While common dinner plates are round, not all dinner plates are round. Some dinner plates take on other shapes, such as square, oval or octagon. Plate design is a product of practicality as well as one of interior design. A place setting and the dinner plate included in that place setting is often a reflection of its owner's personal design. A common practice among many engaged couples in the United States is to select an informal or formal china pattern.
  1. American Dishware

    • American colonists in the early 1600s began making bricks from clay for building. New arrivals to the continent brought with them pottery ware from their native countries. Soon the early settlers were making their own pottery dishware using the natural resources of their new home. This meant they used pottery skills to fashion commonly used dinner dishes, and those dishes were easier to make in round shapes.

    Practicality

    • Shaping evenly round dinner plates, as opposed to square or oval shapes, was easier for those early pottery makers. Even without a potter's wheel, rolling up evenly sized balls of clay and pressing them into matching circles is easier than making a set of matching oval or square plates. With a potter's wheel, the craftsperson can more easily shape a round dinner plate, thus simplifying the task as compared to shaping an oval or a square plate.

    Place Setting

    • On the table, a round dinner plate is an efficient shape to place before each diner. When setting the table, you do not have to worry about how to turn the plate as you must do when setting the table using oval or square plates.
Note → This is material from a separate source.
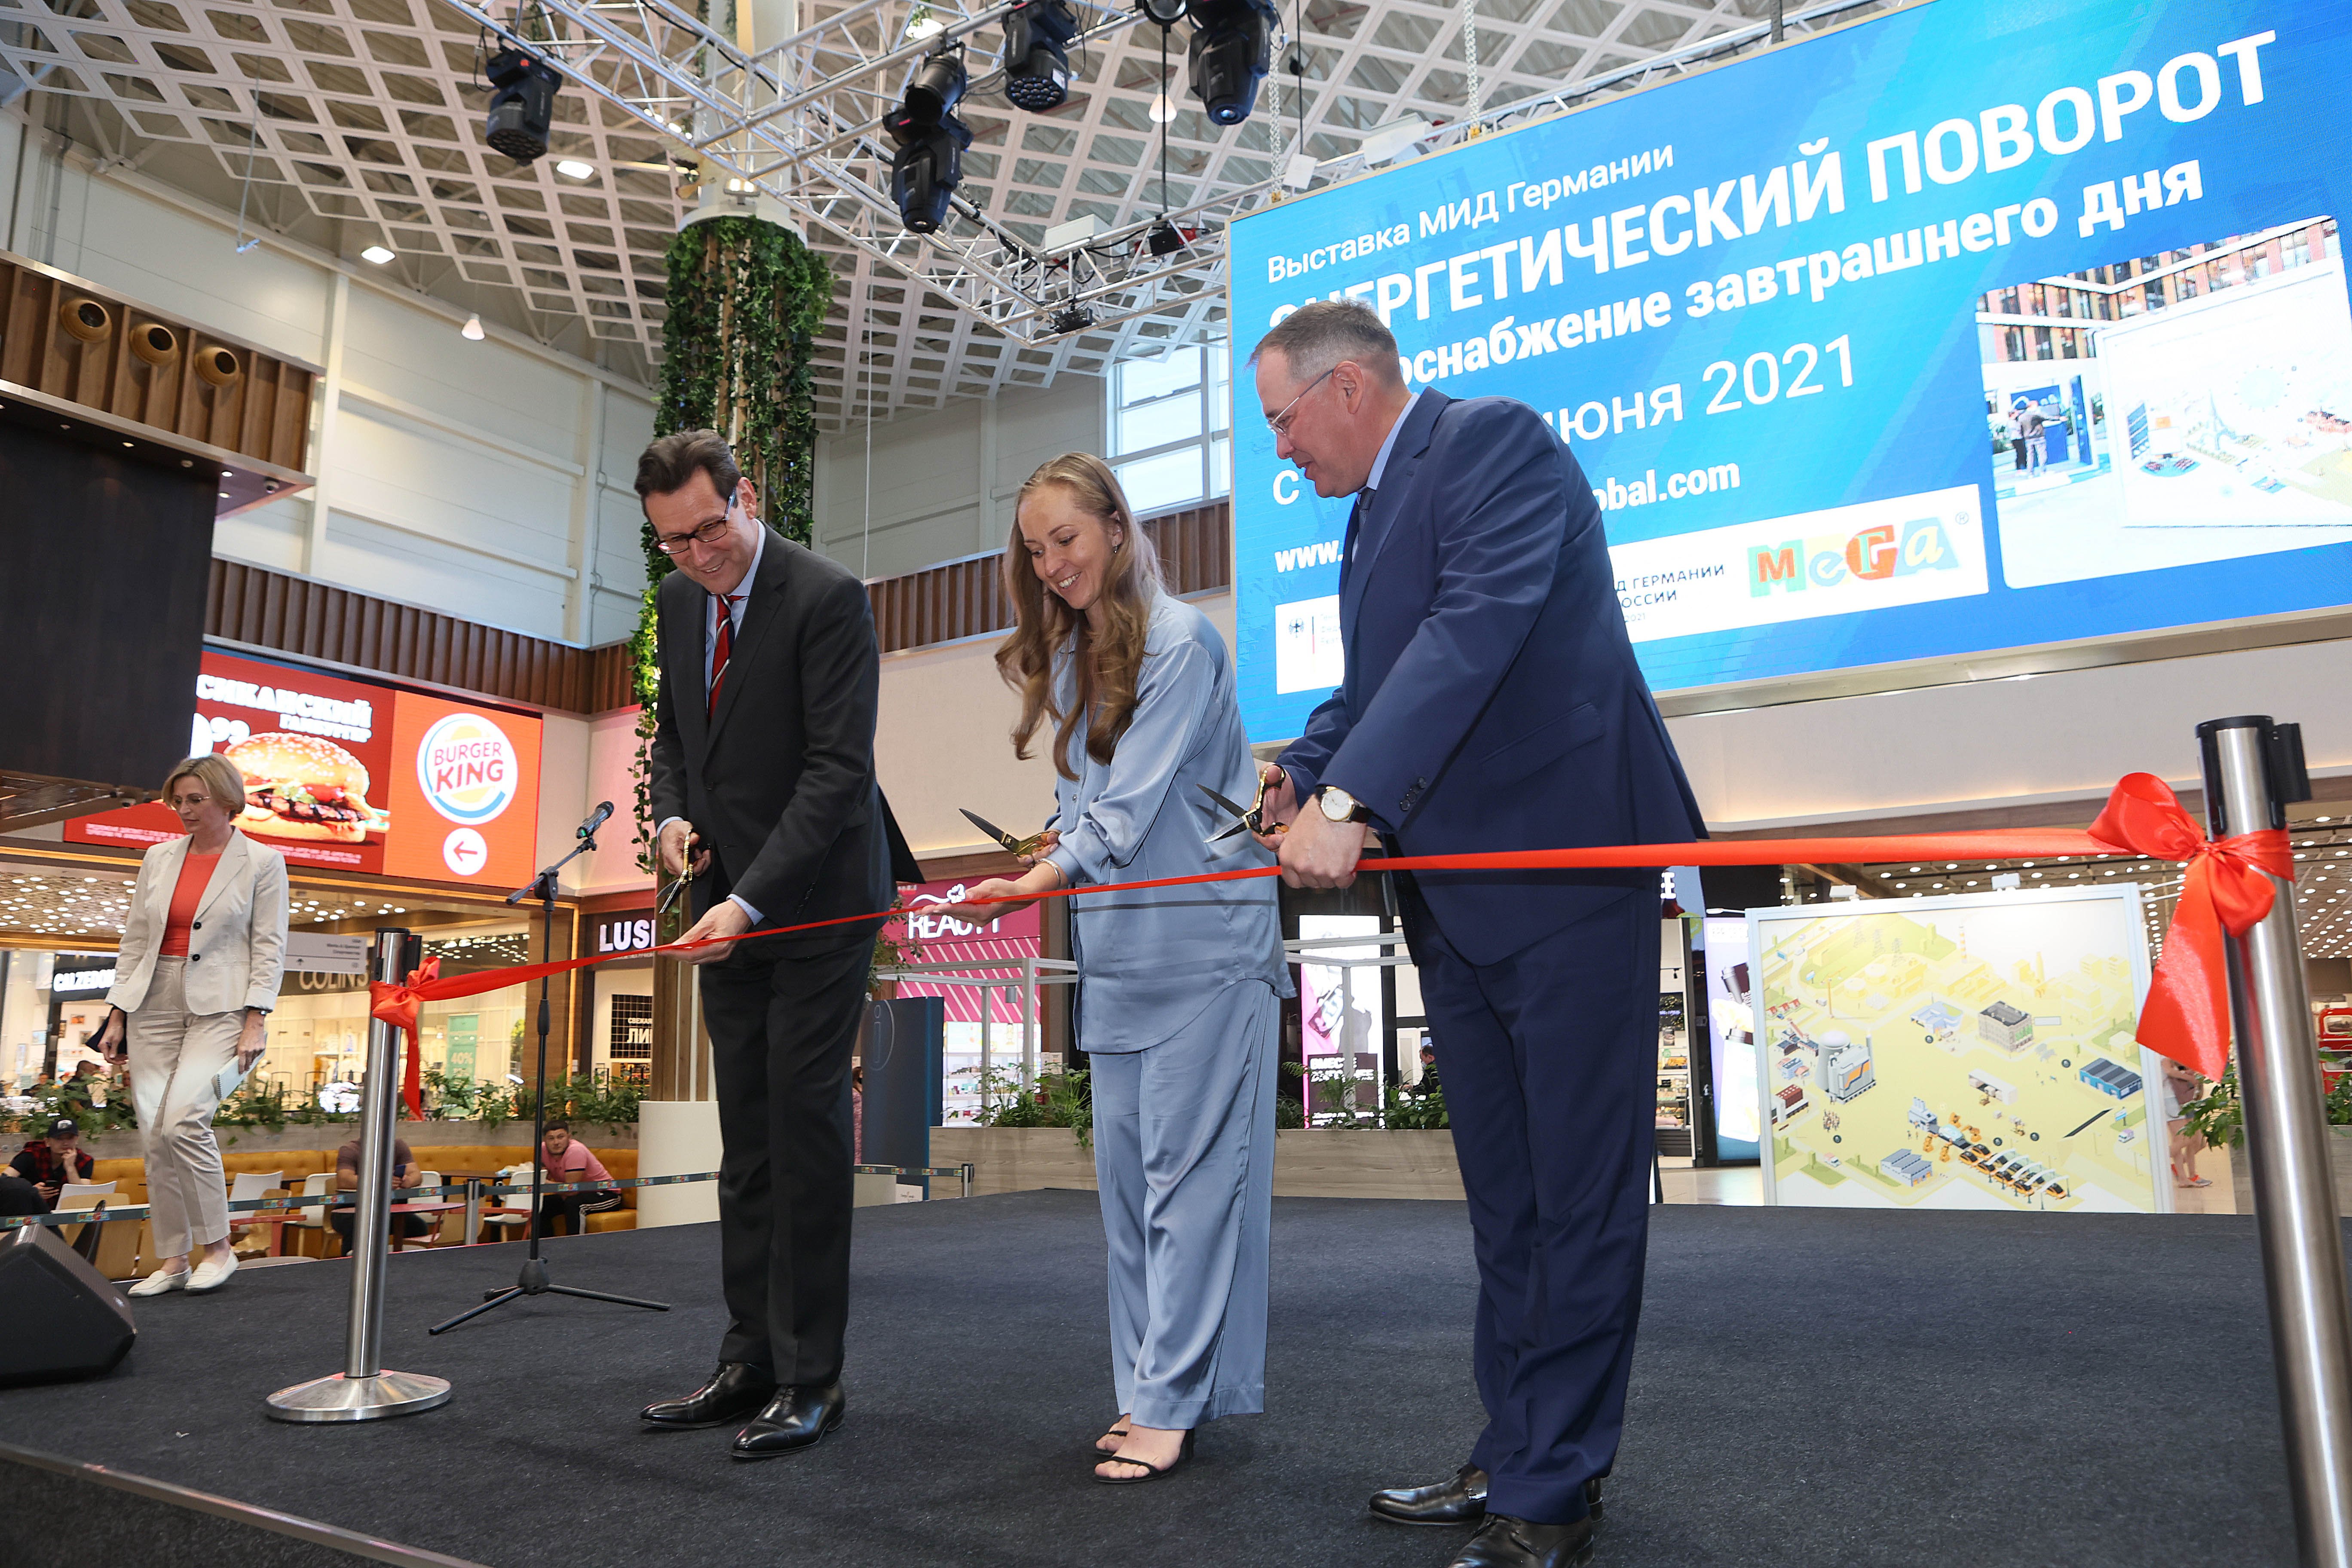 Two men and a woman are cutting a red band to open the travelling exhibition in Yekaterinburg, Russia, while standing on a stage. June 2021.
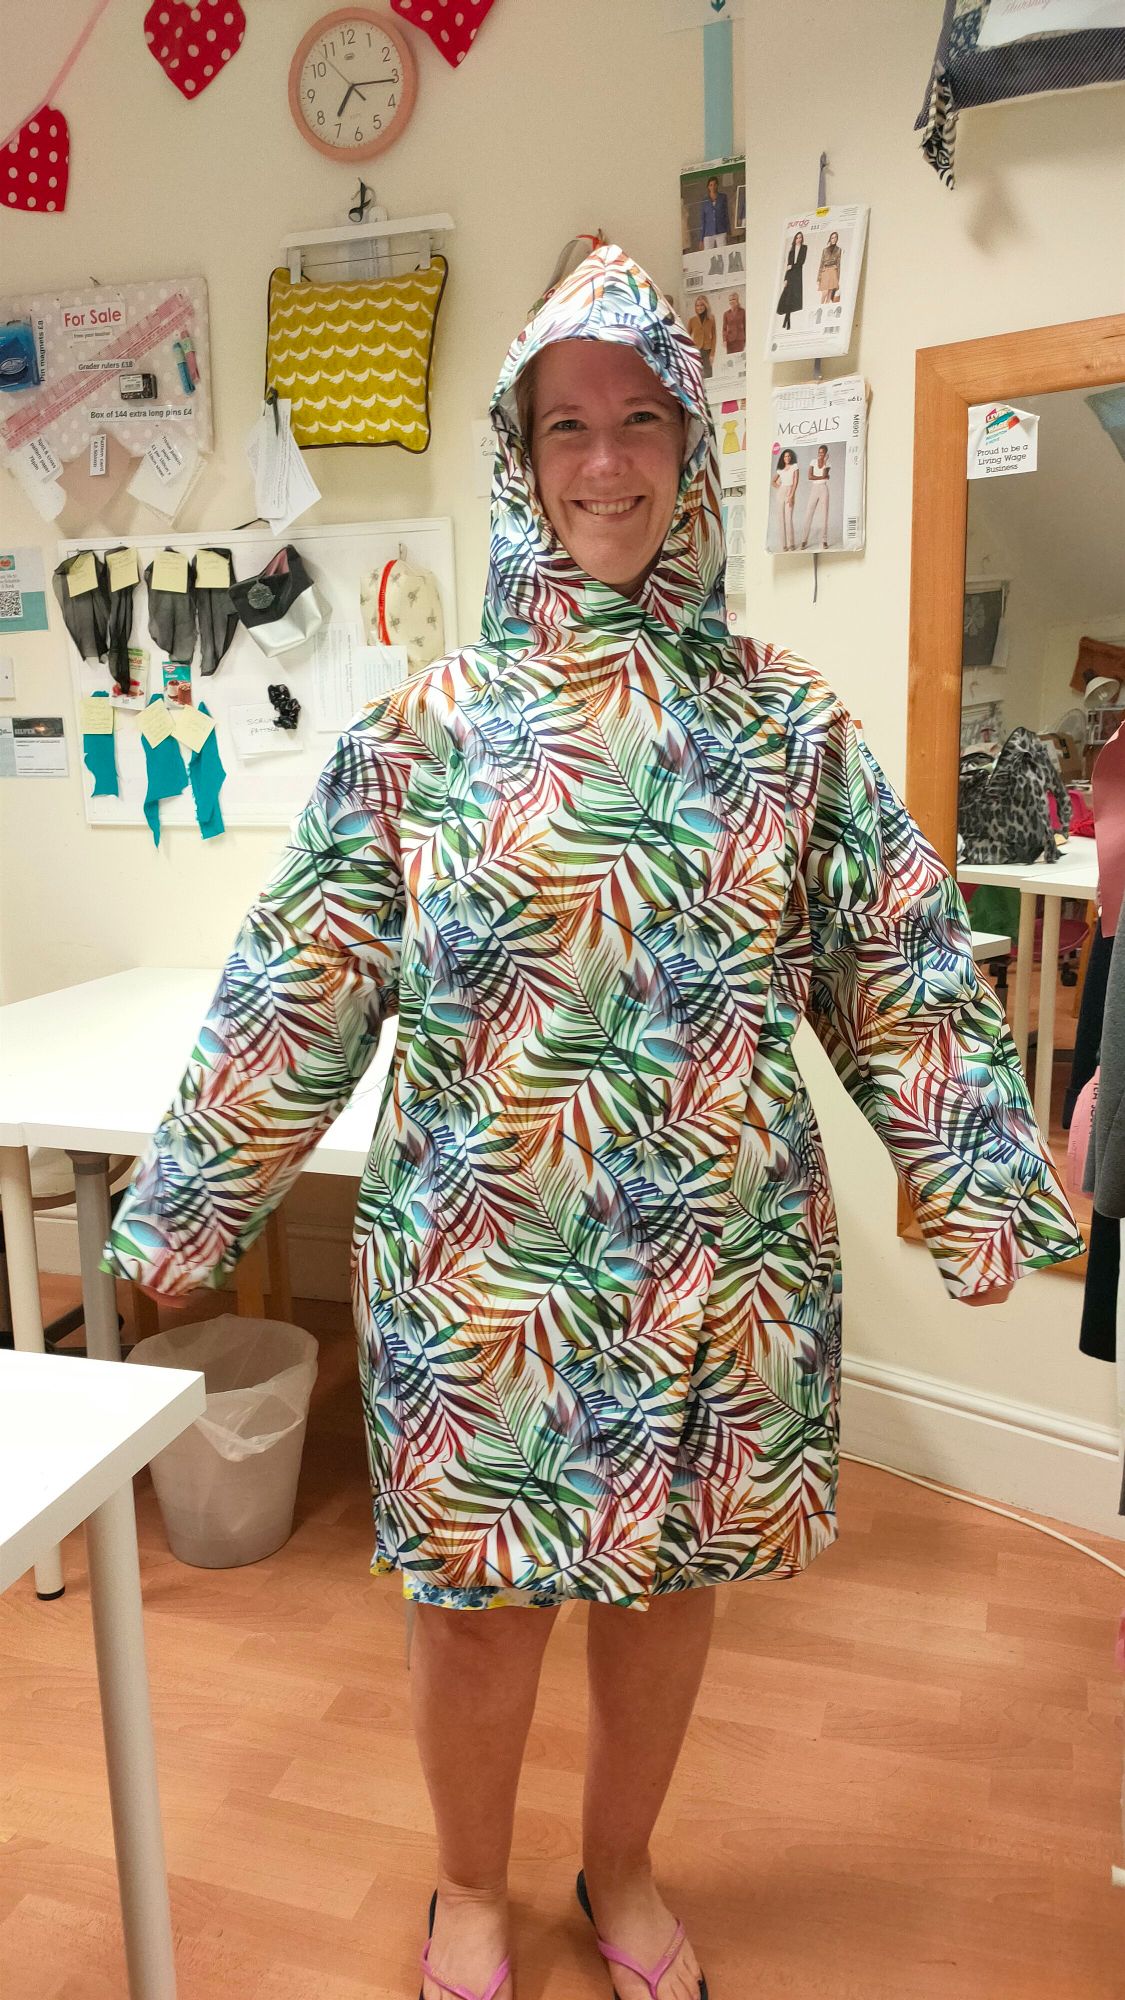 Raincoats sewn on our Sew A Raincoat workshop - Sew In Brighton Sewing School, East Sussex

Turning the round plate clockwise or counterclockwise to any degree makes no real difference in the position of the plate, aside from how the pattern might appear.

    Habit

    • The cliché that claims people are a creature of habit applies when explaining why most dinner plates tend to be round. While other shaped plates are available, consumers often gravitate toward what they are accustomed to using. Unless there is a practical reason for using another shaped plate, such as the steak restaurant that chooses to use a large oval plate because it fits a large steak, baked potato and vegetable better than a round plate, the consumer often stays with what is more familiar.